Pope rebukes EU heads in visit to migrants on Greek island
Pope Francis, who has made migration a defining issue of his papacy, is due to visit the Greek island of Lesbos as early as next week in a trip that will serve as an implicit rebuke to European leaders over their refugees policy.
Francis will travel “soon” to the island with Ecumenical Patriarch Bartholomeos, the spiritual leader of the Orthodox Church, the patriarchate said on its website Wednesday. The aim, it said, was to encourage the refugees there and inspire “the proper response to the critical refugee situation.’
Greek Prime Minister Alexis Tsipras will accompany the religious leaders, according to a Greek government official who spoke on condition of anonymity as the trip hasn’t been officially announced by the Vatican.
Father Federico Lombardi, the pope’s spokesman, said in an e-mailed statement that the visit was “possible,” adding decisions on the date and the destination had not yet been taken.
The visit, once confirmed, will come days after migrants to Greece started being sent back to Turkey under a European Union agreement that has been criticized by the Vatican and denounced by human rights groups as impractical and legally suspect.
Lesbos has become a repository for migrants seeking a better life in the EU: there were 3,560 refugees on the island as of Wednesday morning with more arriving each day, according to a daily tally issued by the Greek authorities.
A Vatican official who asked not to be named because he was not authorized to comment publicly said that migration was clearly a theme to which the Argentine-born Pope -- the son of an Italian immigrant -- wants to continue to draw attention.
Such a visit was a very delicate diplomatic dance, the official said, given the involvement of Greece, Turkey and the Orthodox Church. Asked what the Pope was likely to say about European leaders’ response to the crisis, the official said Francis would no doubt signal he was unhappy with it.

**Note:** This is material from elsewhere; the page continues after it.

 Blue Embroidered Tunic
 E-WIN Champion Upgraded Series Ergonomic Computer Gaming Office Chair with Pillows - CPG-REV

“Popes generally aren’t in the business of criticizing individual countries but everything Francis says and does in Greece will be an implicit criticism of political failure,” papal biographer Austen Ivereigh said in a telephone interview. “He wants to persuade the world to look at the issue as a humanitarian crisis rather than an immigration issue.”
Soon after his election in March 2013, Francis chose the island of Lampedusa south of Sicily -- point of arrival for many migrants crossing the central Mediterranean -- for his first trip outside Rome.
Francis has clashed with Republican presidential candidate Donald Trump over migration, saying someone like Trump “who thinks only about building walls, wherever it is, and not of building bridges, is not Christian.” Trump branded the Pope’s comment “disgraceful.”
The Vatican has made no secret of its hostility to the EU deal to send migrants back to Turkey from Greece that came into operation Monday.
Cardinal Antonio Maria Veglio, who heads the pontifical council for migrants, said in an interview with Vatican Radio that the migrants concerned “are people, not goods.”
“It’s refusing these people the right to emigrate: they want, for example, to go to Germany and they find themselves in Turkey,” Veglio said. “And with what guarantees?”